For each failure committed, you get something zingy.
When VSCode or CI integration to vibrate for every passing test and stop for the next 60 minutes for failed runs. (And if the failure is in a section of the code that copilot wrote block for 120 minutes)
That was supposed to be (just) a joke. But of course someone already actually implemented it.
@buttplugio @Janeishly You know, I go to DEFCON every year. And I like to check in on the talks which are not recorded or listed in any program. And every year, I pop in at a random time, only to discover it's a talk about sex toys. None of the others are about sex toys, but I always seem to find that one talk.

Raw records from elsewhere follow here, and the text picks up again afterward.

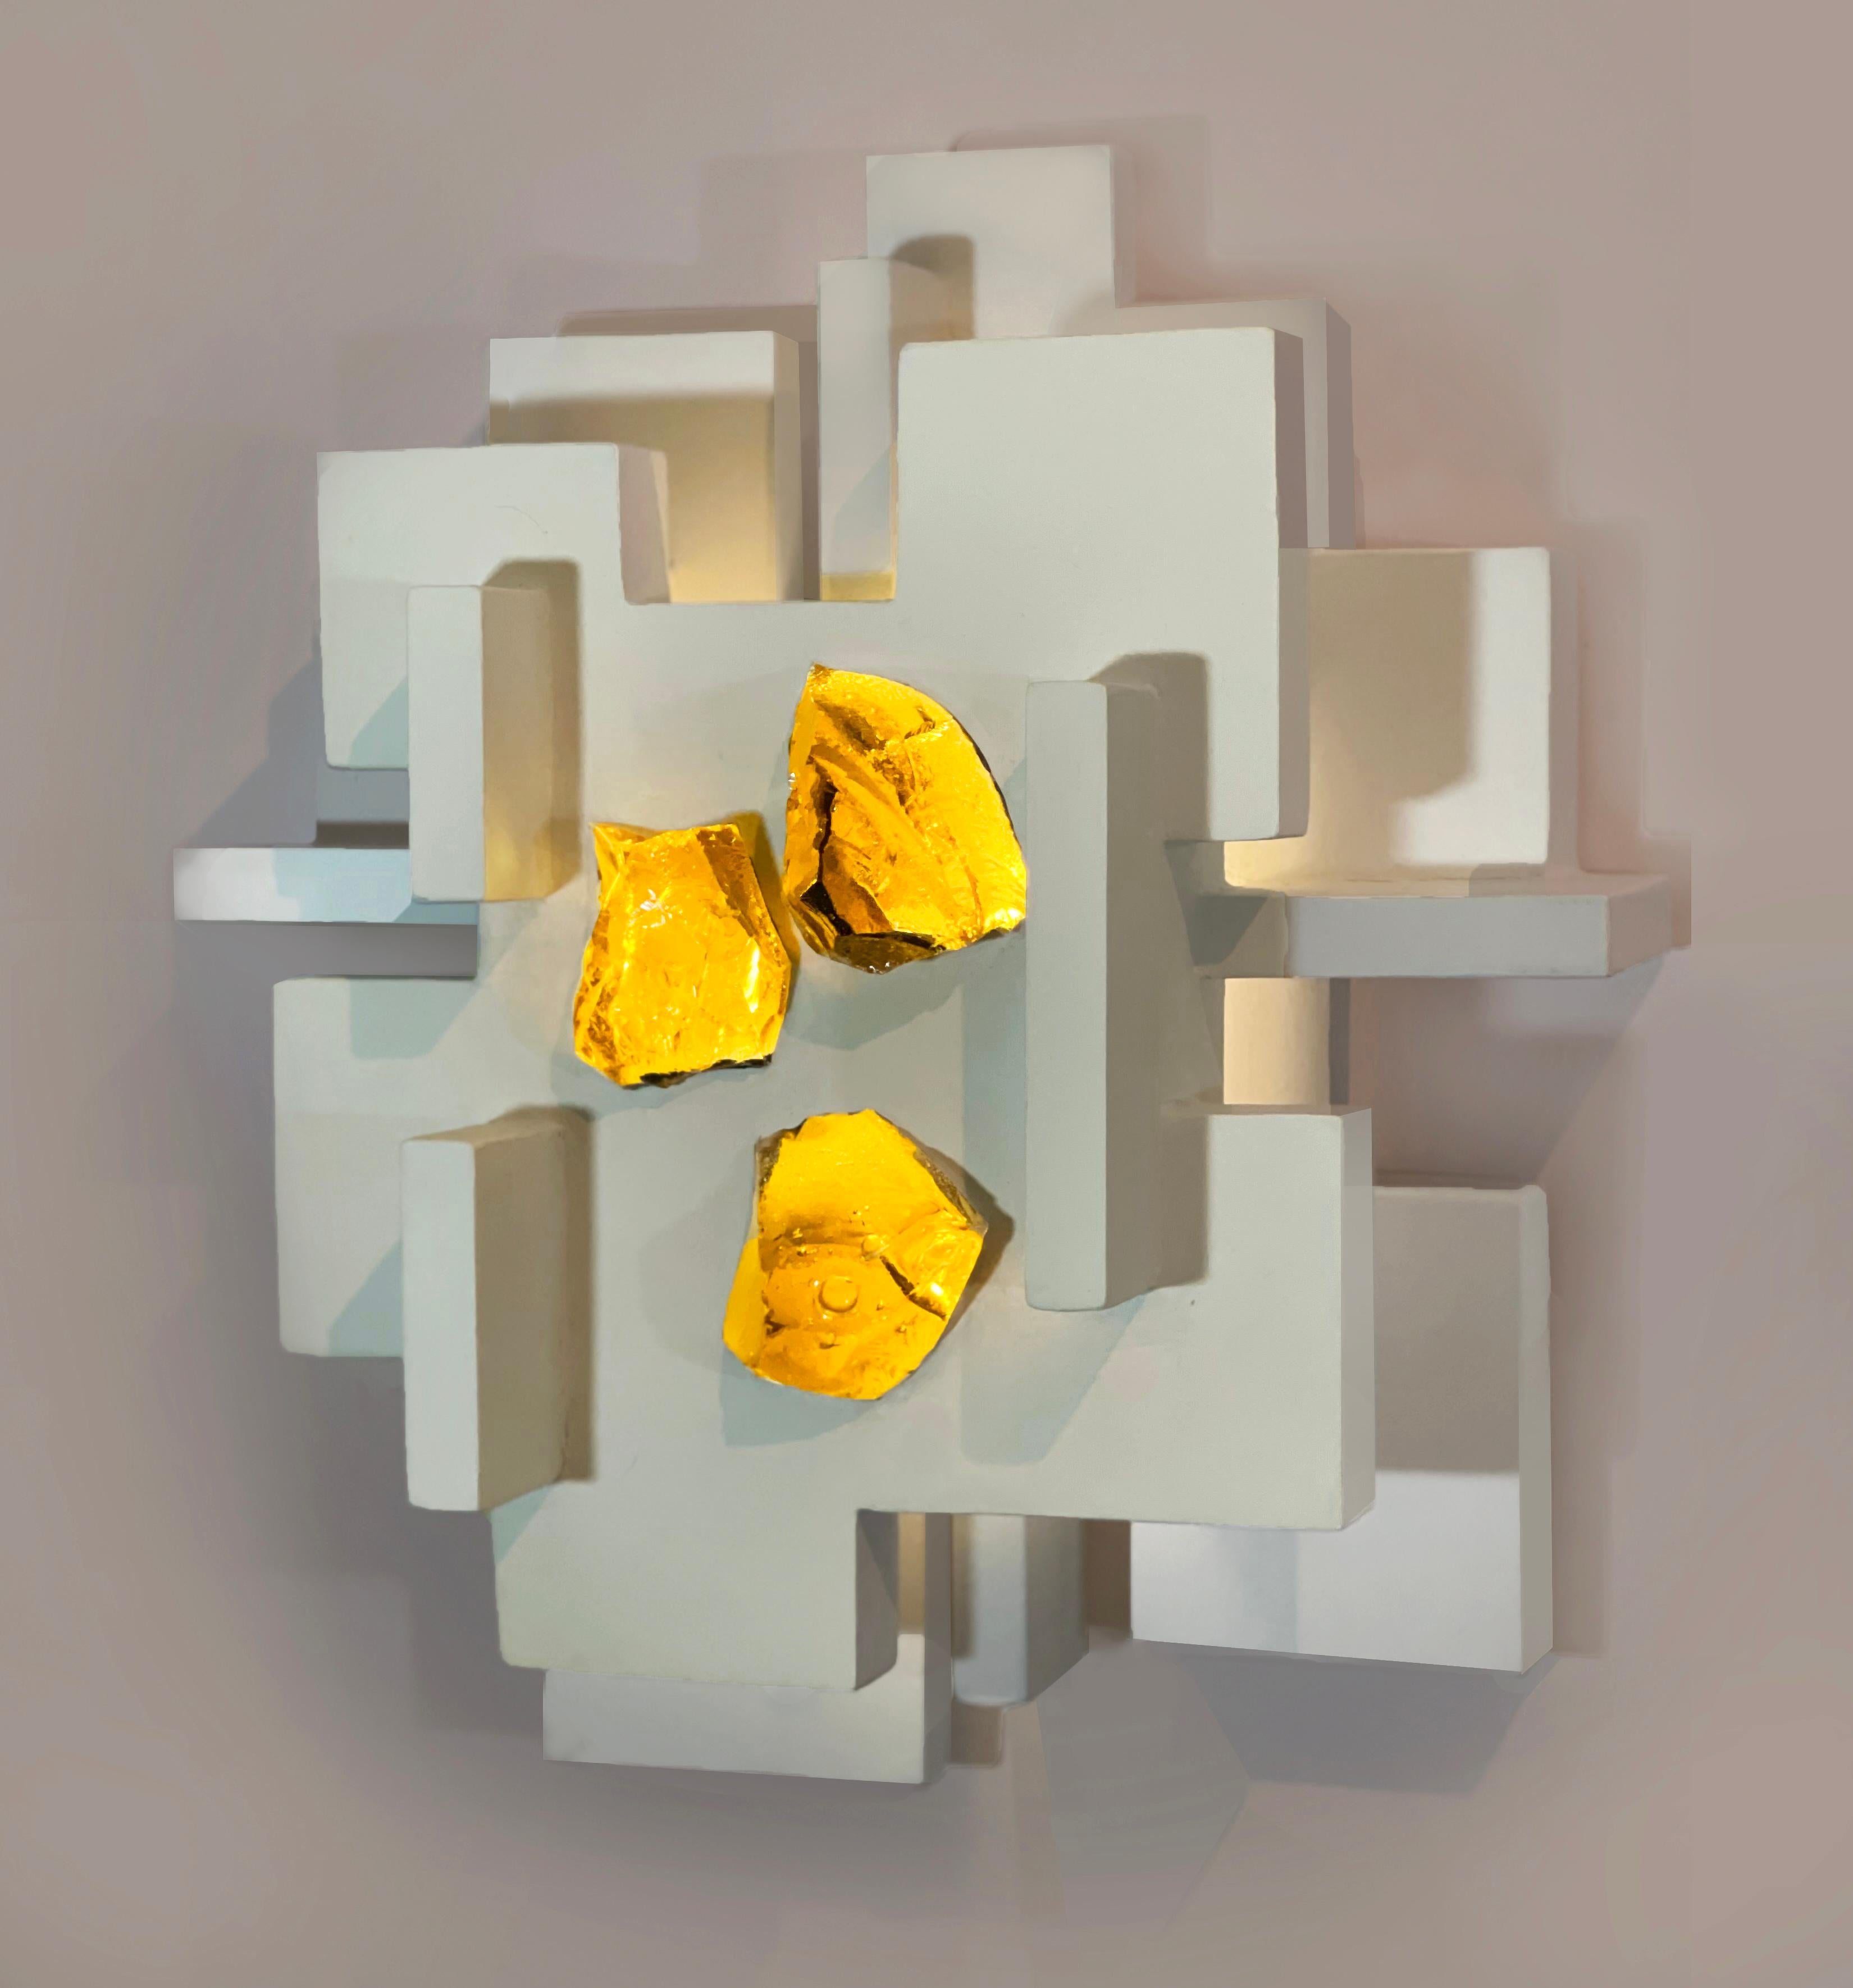 Jurgen wall sconce by Daniel Schneiger
Dimensions: D 36 x W 41 x H 15 cm
Materials: Wood, slag glass and resin
Custom finishes available, Custom slag glass colors available.

All our lamps can be wired according to each country. If sold to the
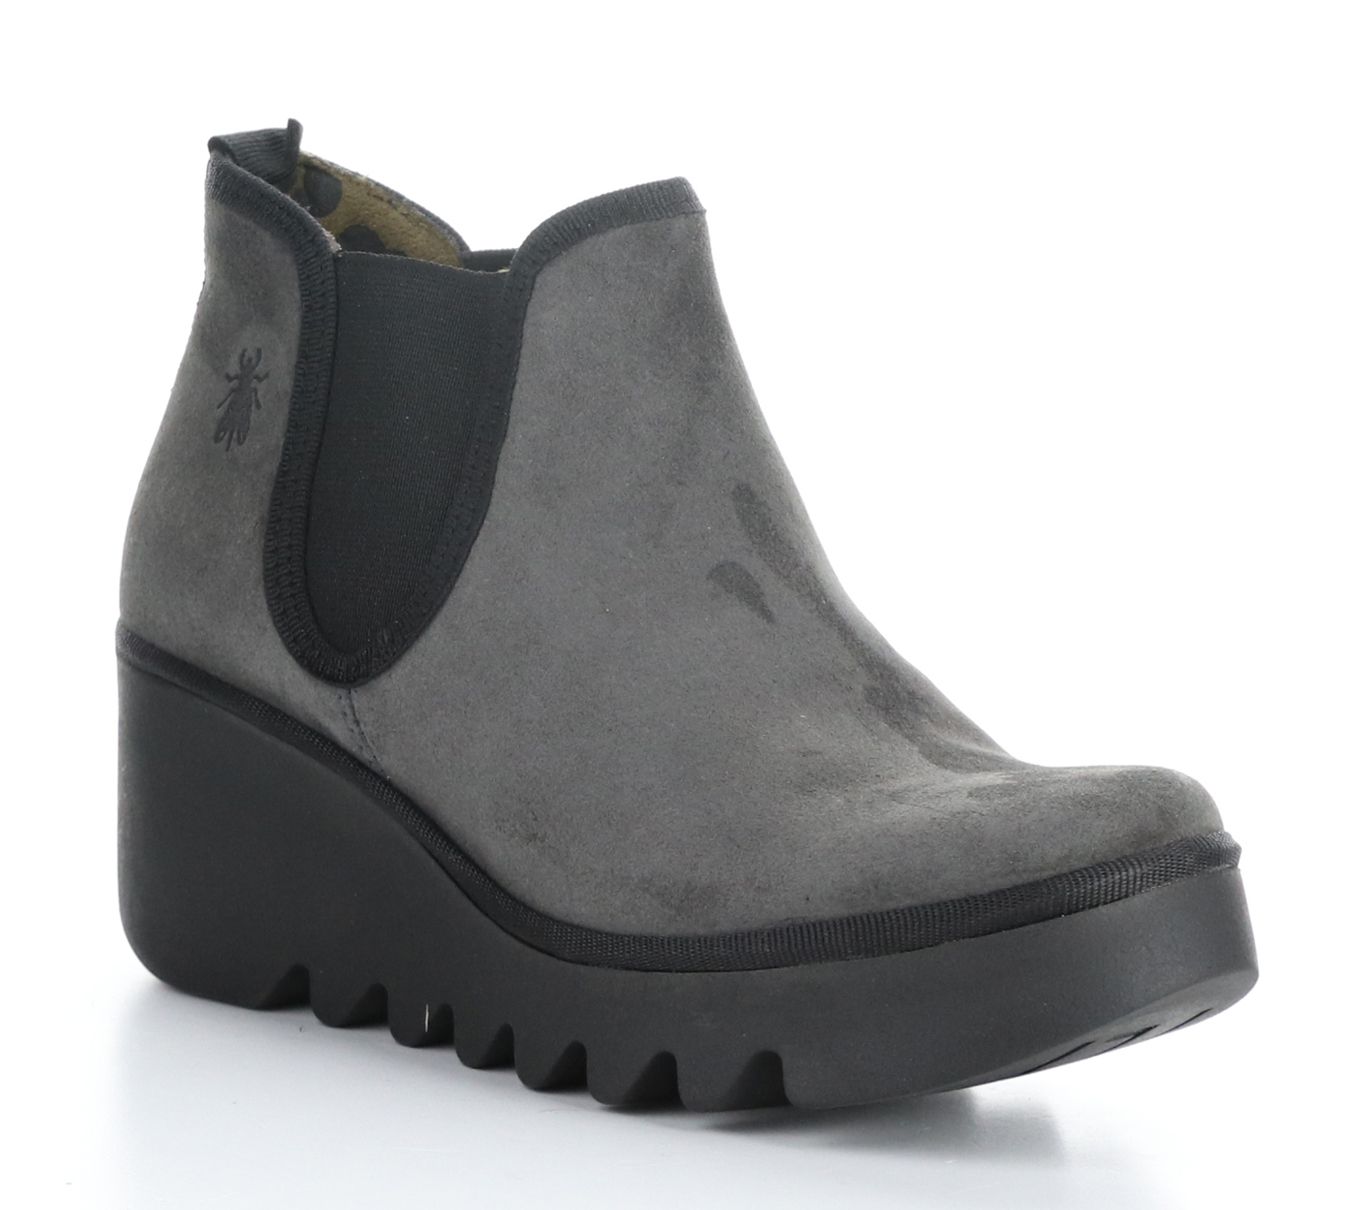 Fly London Suede Wedge Boots - Byne - QVC.com
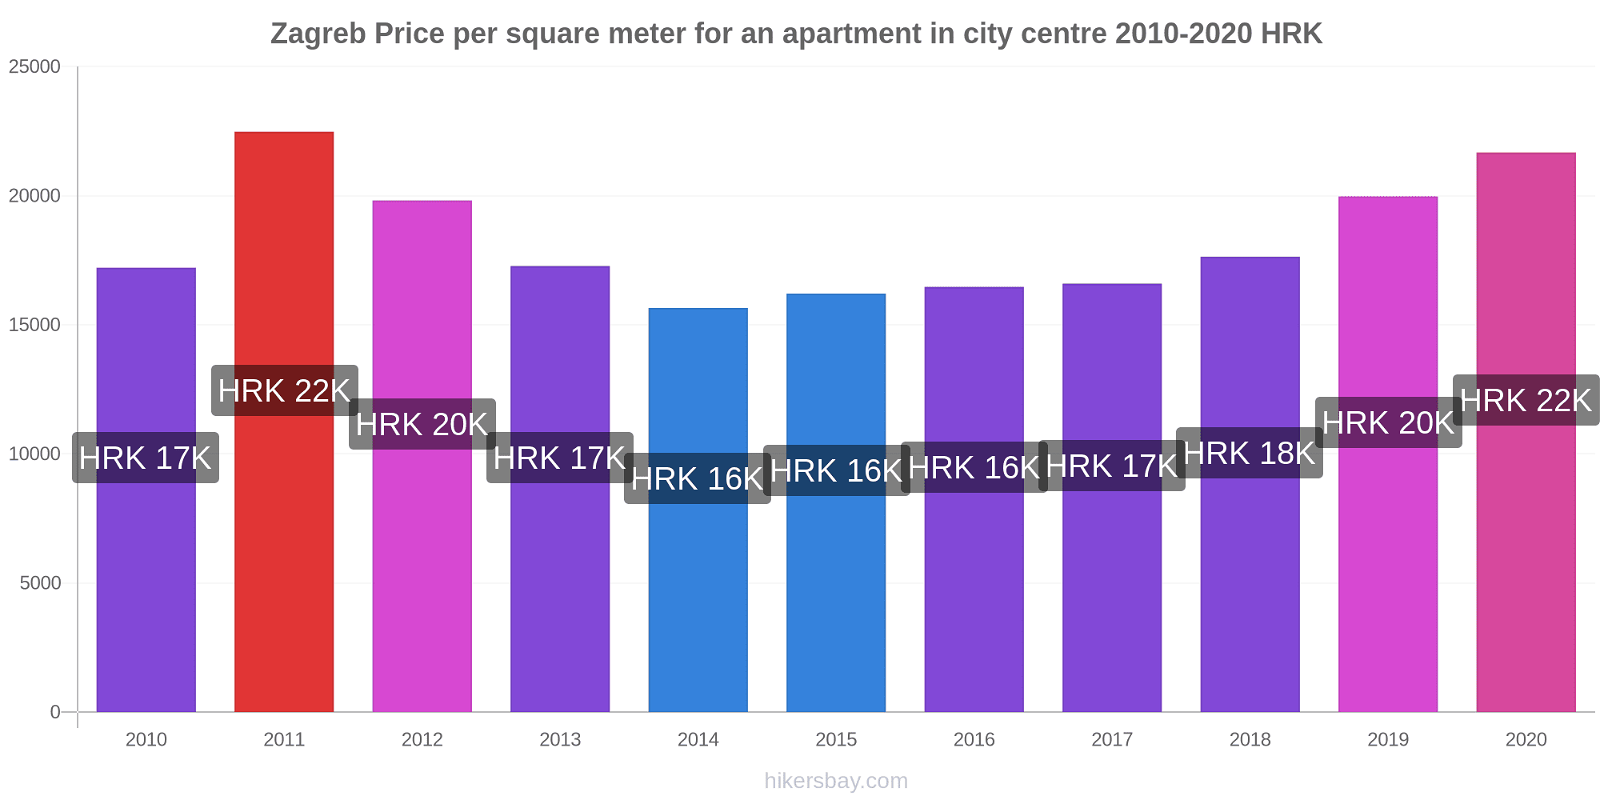 Zagreb price changes Price per square meter for an apartment in city centre hikersbay.com

(I did like the one about BT Ben-Wa Balls being used to count cards at blackjack...Not that it would do me any good, being unequipped for the task.)
See what all the buzz is about at our vibe coding training camp. Sign up today.
/this should totally be a thing.
@phf @buttplugio
I remember that spoof.
The Register may have written about it.
This is what I could find, from 2005:
"our previous gusset-moistening reports into technoticklers"
https://www.theregister.com/2005/11/23/ipod_accessory/
Ooh, available in 6 colours:
https://www.theregister.com/2005/10/28/bluetooth_device/
One sentence from a 2000 article leads to a link:
https://www.theregister.com/2000/08/30/voodoo_gets_12_000_volt/
Actual link coming in the next toot..
@phf @buttplugio
I FOUND IT!
"Fully Y2K compatible!
You can safely ignore all of the horror stories of your vibrators suddenly shutting off on January 1st, 2000. With the iBrator you can usher in the new millennium with multiple, quivering orgasms"
"Now, with the power of USB you can connect up to 127 different iBrators for a sweaty, gang-banging marathon!
Plus, the iBrator draws power directly from your USB port - no more recharging!"
https://web.archive.org/web/20000302131226/http://www.ibrator.com:80/ibrator.html
@buttplugio I thought vibe coding was like when you make an LLM do it for you?
Terminology usage does not compute, brain.exe has stopped responding.
Congratulations on your expanded reach! Or should I say "flared user base"?